In any case, by this time in their story, the Neanderthals were in decline, their small groups under stress – various reports show evidence of pathologies suggesting they were procreating through incest in the absence of more appealing options; that at least some were stricken by kuru after eating the brains of their own dead; that sapiens appeared with its mega-kicky brain – not as big as a Neanderthal’s, but somehow qualitatively improved in a way that led us to create figurative art while they did not; or simply that we sneezed on them and infected them with germs to which they had no natural immunity.


A Chatelperronian flake from Aranbaltza.Credit: Joseba Rios

And while everybody is speculating, Rios-Garaizar suggests a wonderful theory.

By 45,000 years ago, Neanderthals were clearly under stress. They vanished from Cantabria, possibly because of resource stress. This was a time of intense climatic variability, with very rapid, dramatic changes and, likely, howling storms. There may have been drastic environmental changes in northern Spain, leading to change in the fauna and, therefore, in those who hunt the fauna. Perhaps they needed to go farther to obtain the food they needed and, whether they died out or just left, Cantabria would remain free of Neanderthals until the next set came along armed with Châtelperronian technology.
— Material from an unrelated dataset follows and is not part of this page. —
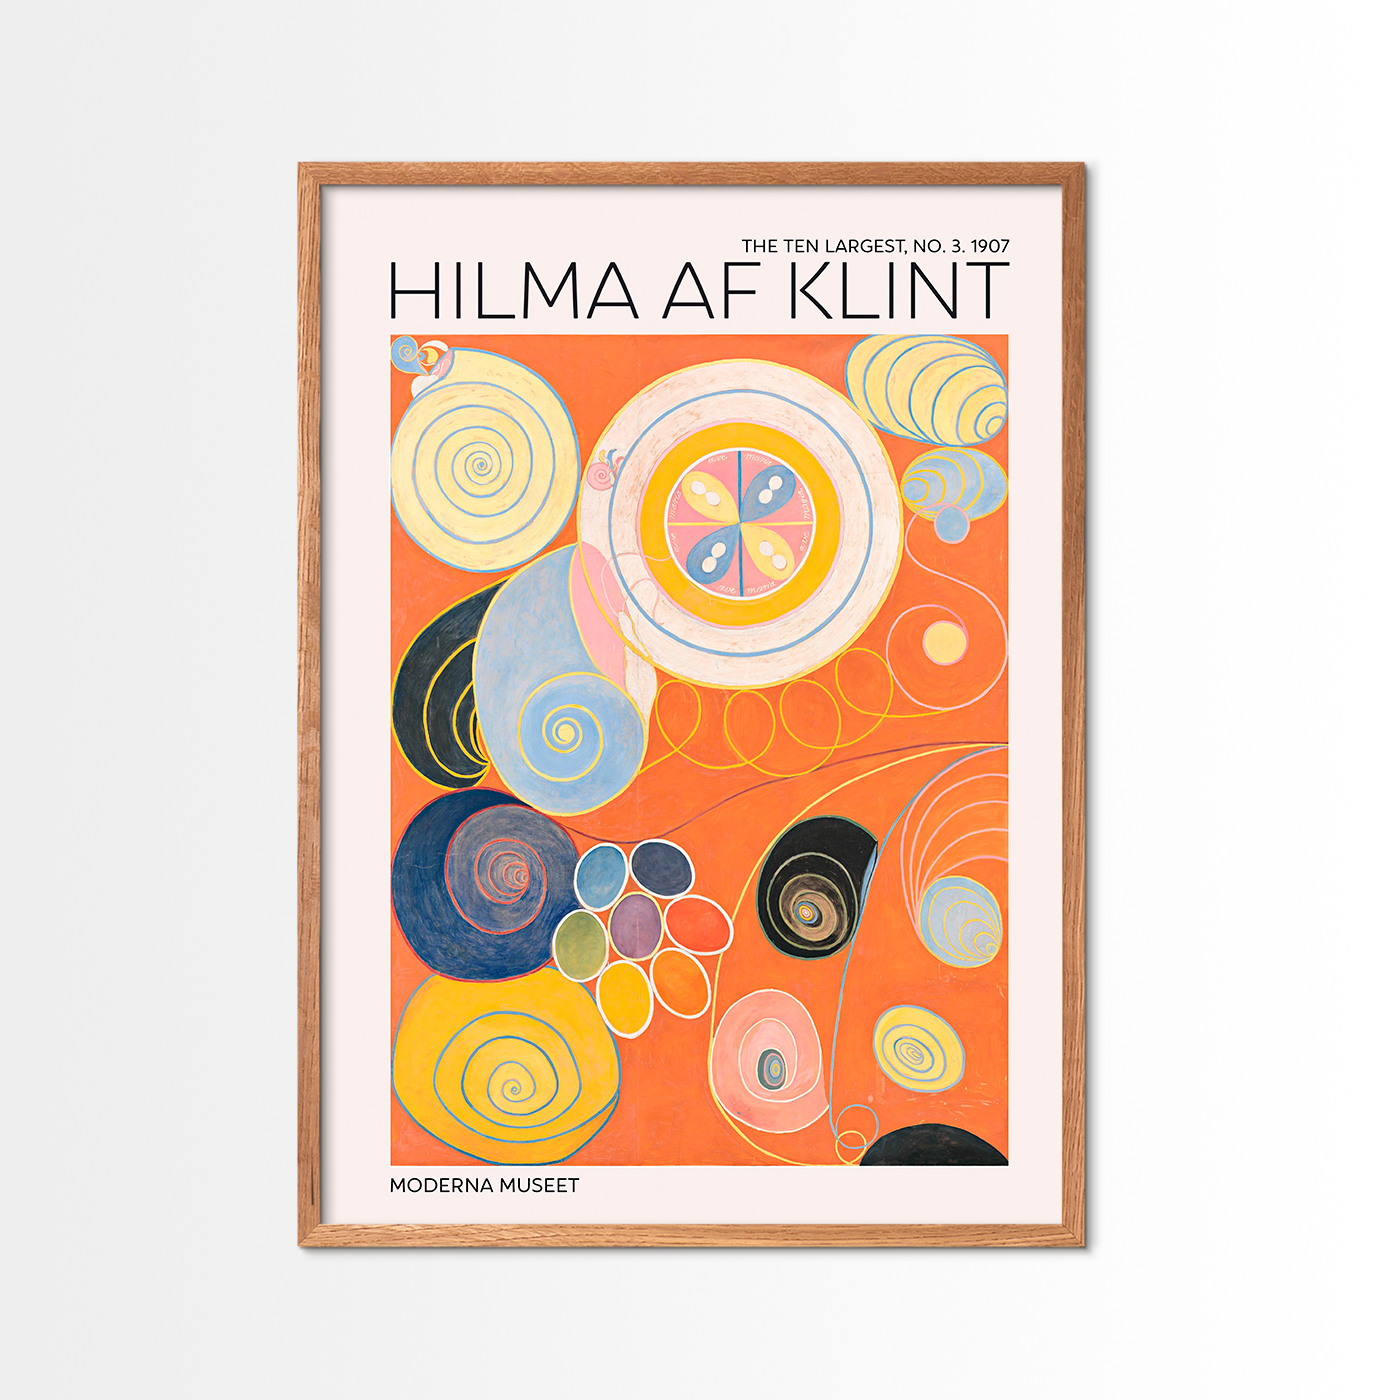 The Ten Largest No. 3 - Hilma Af Klint

Possibly these Neanderthals armed with Châtelperronian blades were so successful that they could be fruitful and multiply (hopefully beyond the nuclear family), and occupy new territories, Rios-Garaizar suggests. But not for long. They too disappeared, and fast.

Why? We do not know. Theories continue to compete but plausibly, at some point in Africa we the sapiens sapiens species crossed some sort of barrier, threshold, in brain evolution that rendered us intellectually superior to the Neanderthals. We gained abilities they may not have had, and after thousands upon thousands of years of “trying” (not that there was a declared aspiration), we made it past the Neanderthals and left Africa and spread madly throughout the world.

They, meanwhile, had been suffering from vagaries of climate and armed with Châtelperronian technology or not, we outcompeted them, and perhaps dealt better somehow with the environmental stressors, possibly due to better sociability. They grew more and more stressed; we may have coexisted cheek by jowl in some areas, especially in the Middle East, for thousands of years – but the upshot is that here we are today, while they are not.

And we may never know just how culturally advanced they were. We may never know whether they really could swim like fish. We may never be sure they really did have digging sticks, whether they had religion or just wanted to emulate big birds; whether they could cook soup, or whether it really was a custom, as has been postulated in one case of late Neanderthals in Iraq, that they buried their dead with flowers. The only thing for sure is that they're extinct.